Provided material:
+++
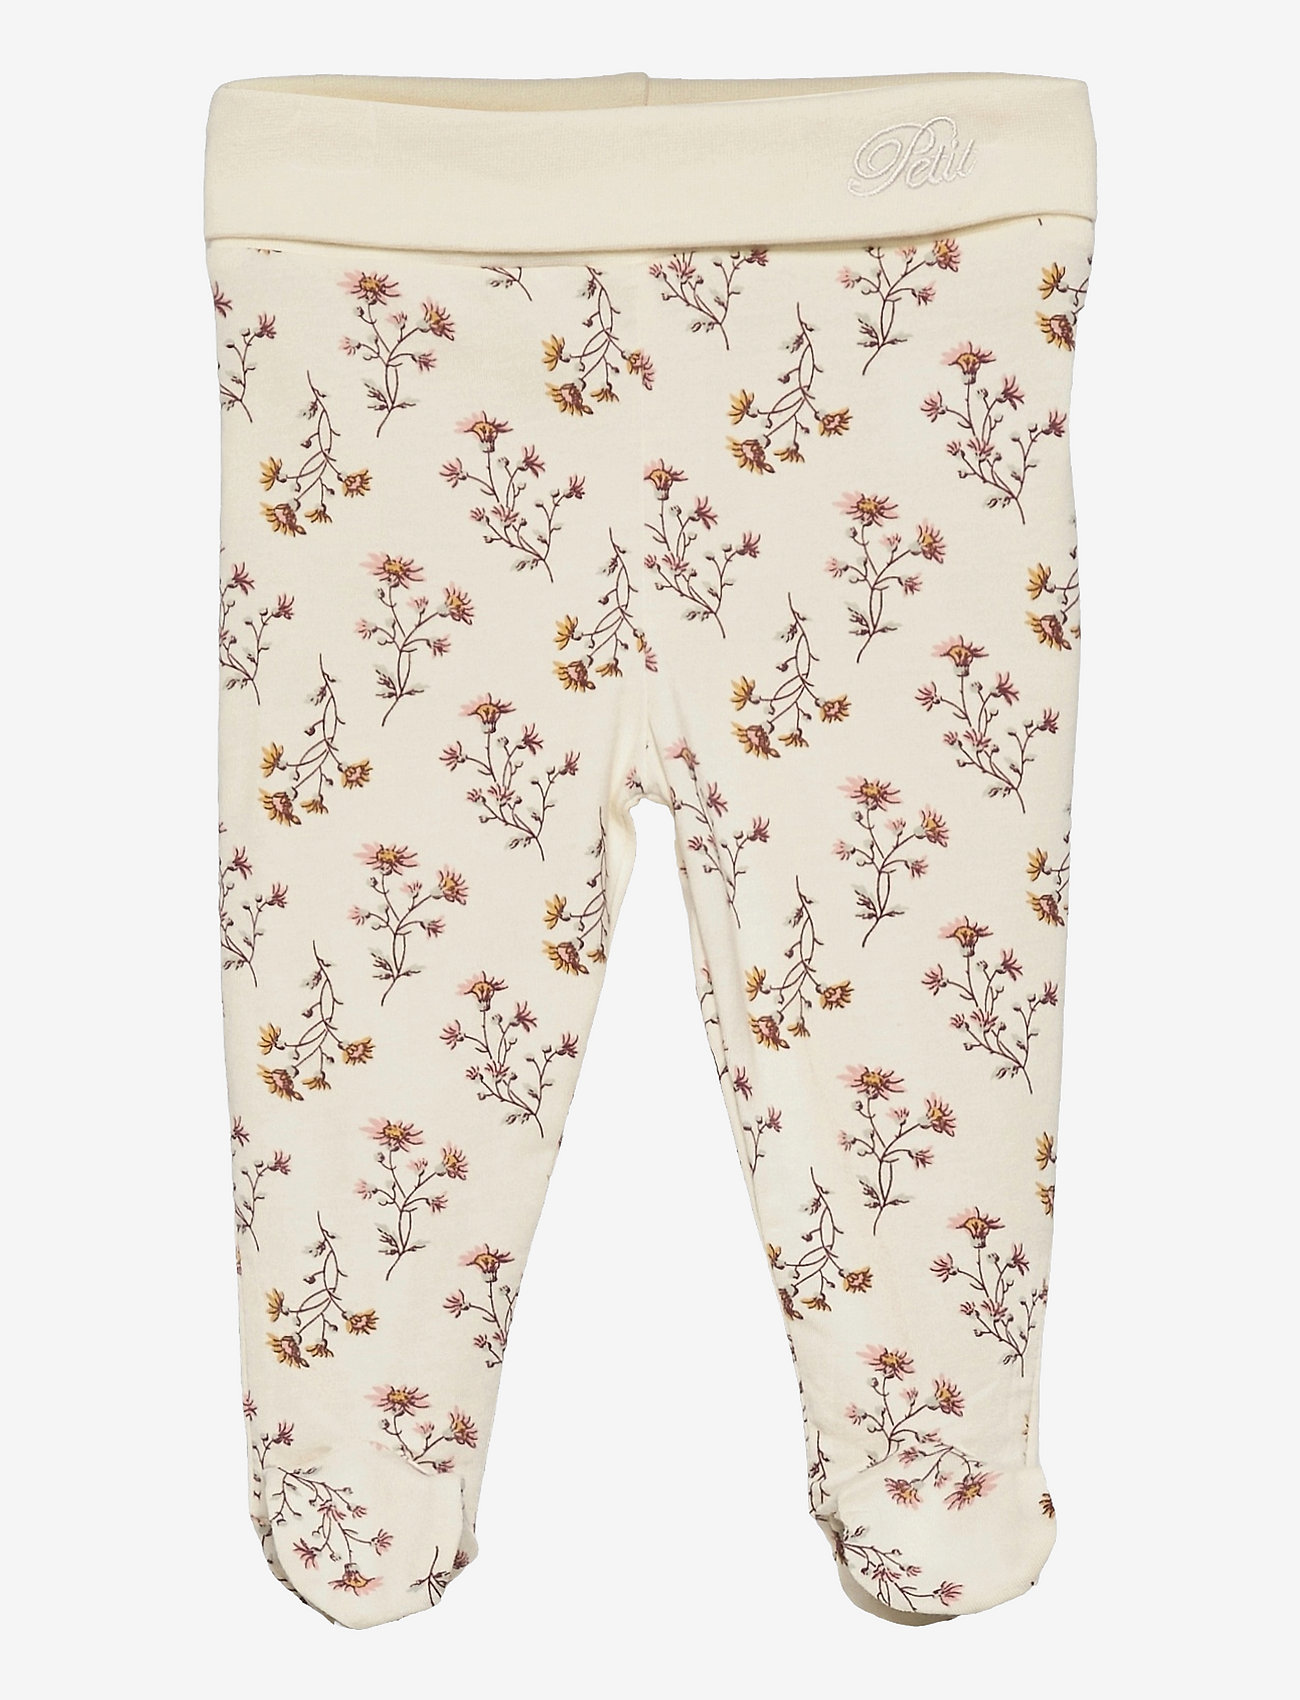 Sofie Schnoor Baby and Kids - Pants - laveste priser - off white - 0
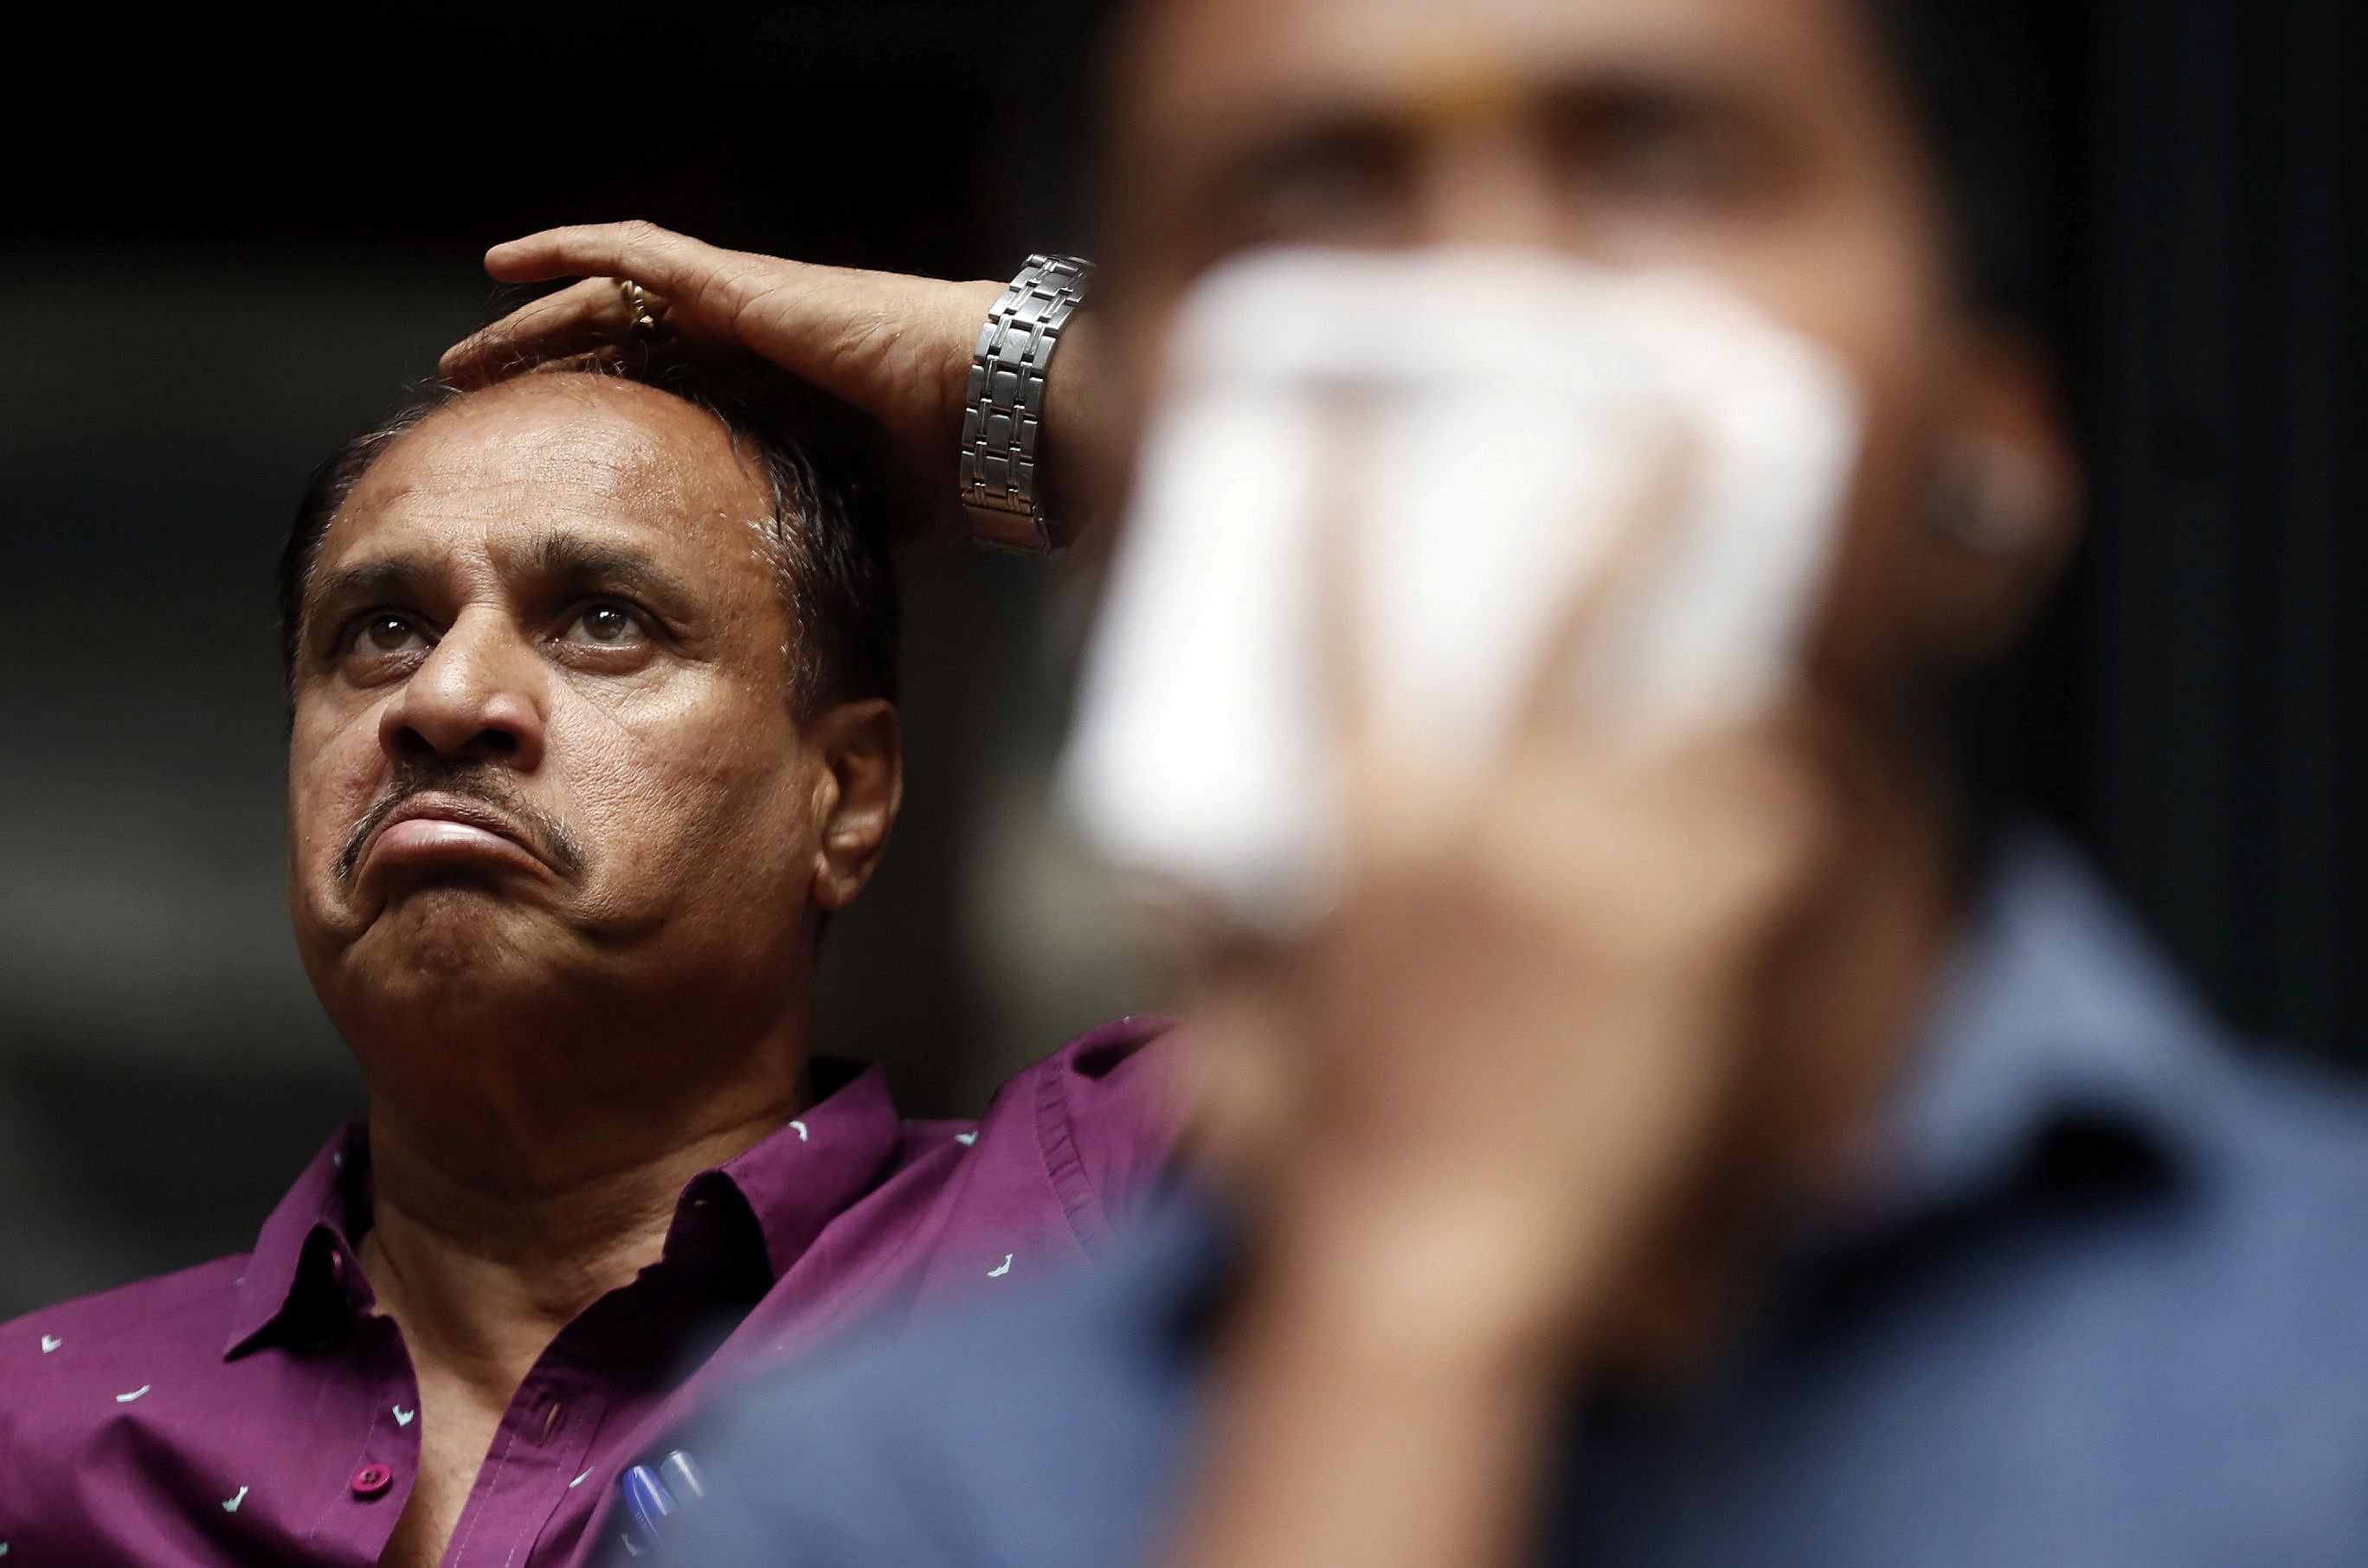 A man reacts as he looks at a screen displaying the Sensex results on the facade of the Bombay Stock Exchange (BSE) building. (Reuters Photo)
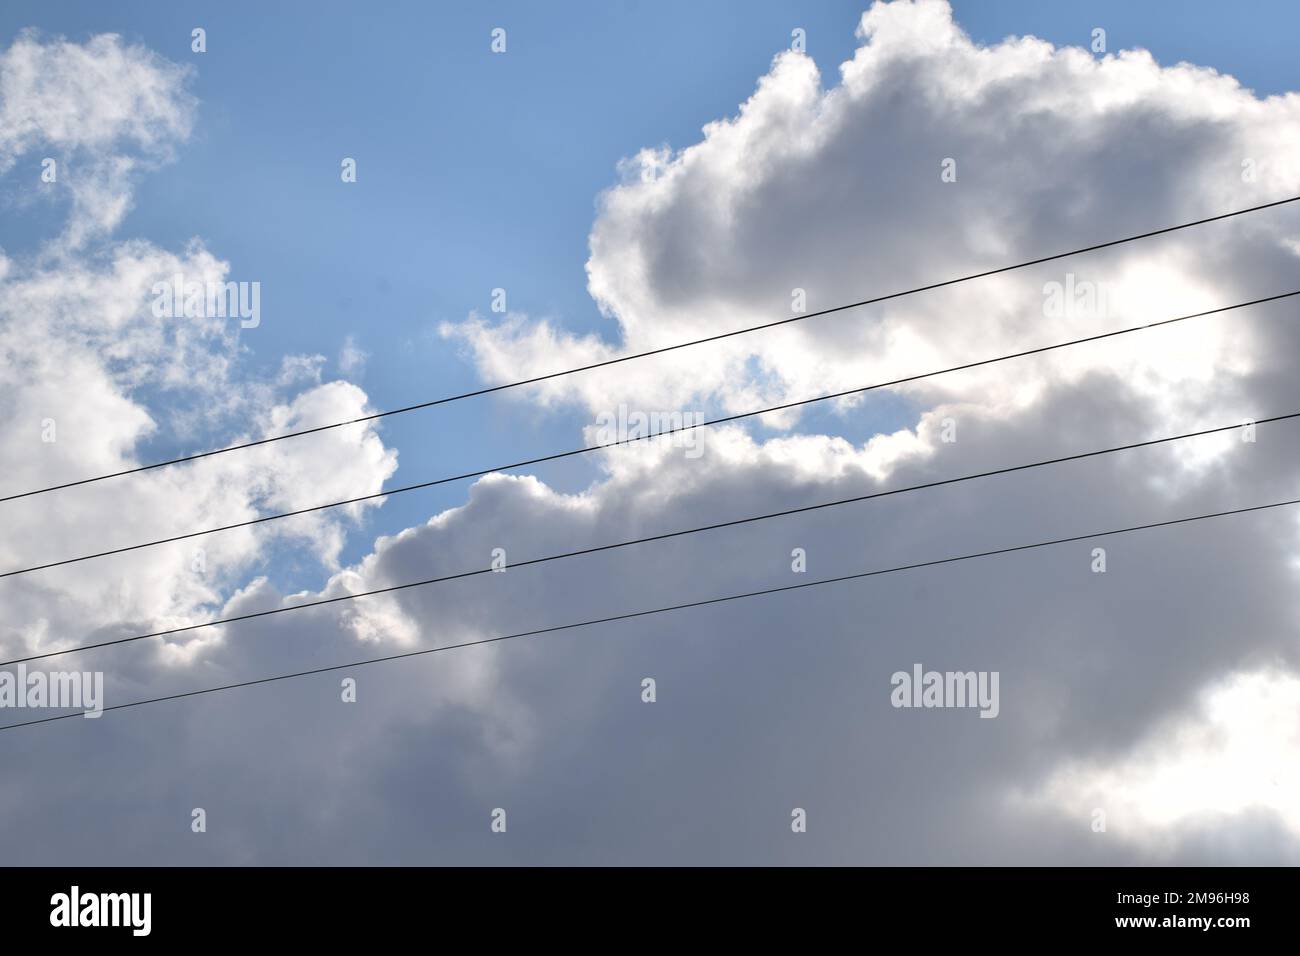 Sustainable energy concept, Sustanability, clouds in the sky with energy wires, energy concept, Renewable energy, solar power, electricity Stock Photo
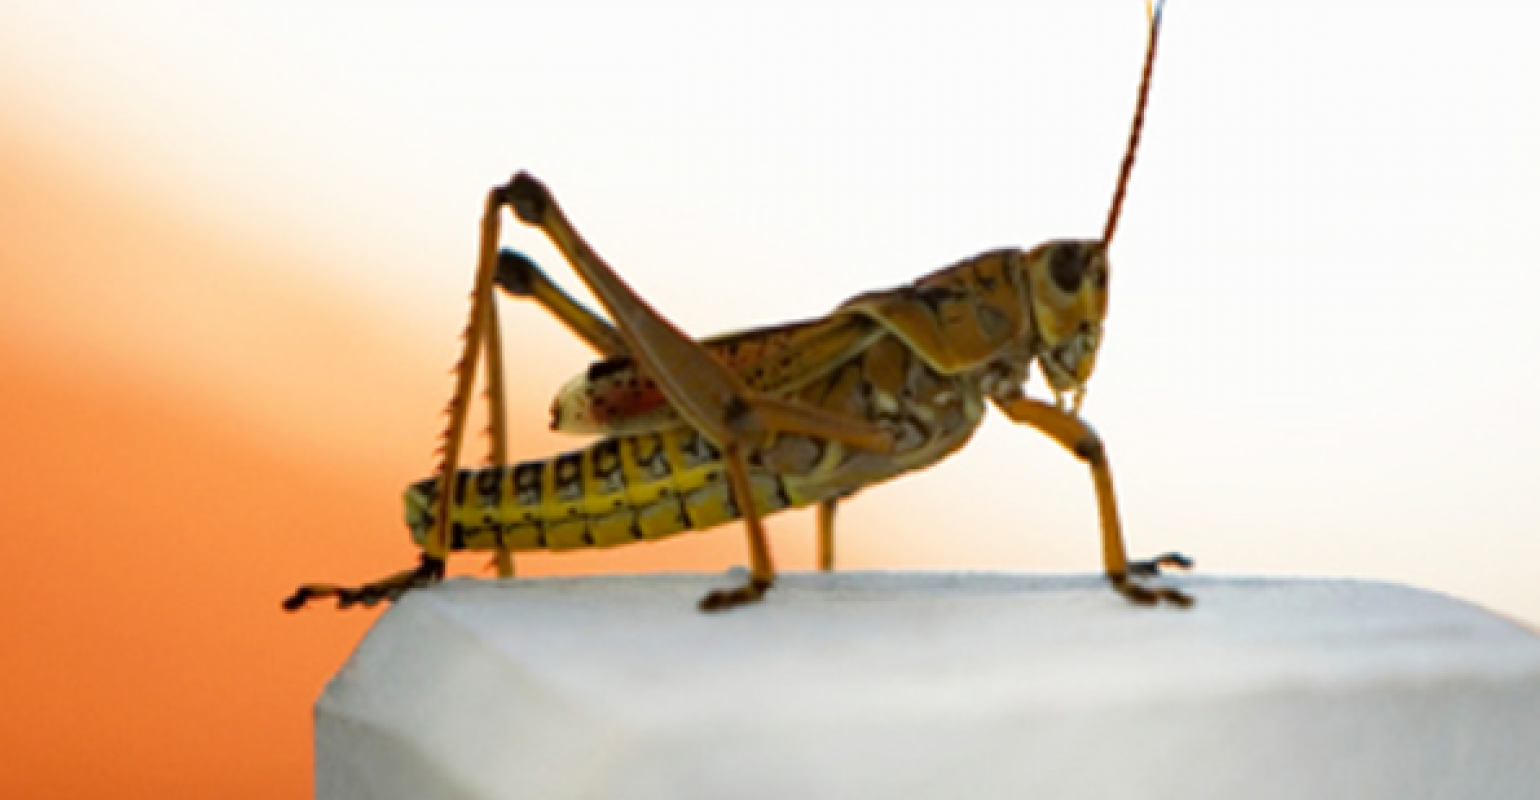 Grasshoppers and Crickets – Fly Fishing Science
+++
What you have to do:
Starting at the line that holds "Sustainable energy concept, Sustanability, clouds", retype every line through the end of the data, both ends included. Pictures stay out of the copy.

Task output:
 Sustainable energy concept, Sustanability, clouds in the sky with energy wires, energy concept, Renewable energy, solar power, electricity Stock Photo
 Grasshoppers and Crickets – Fly Fishing Science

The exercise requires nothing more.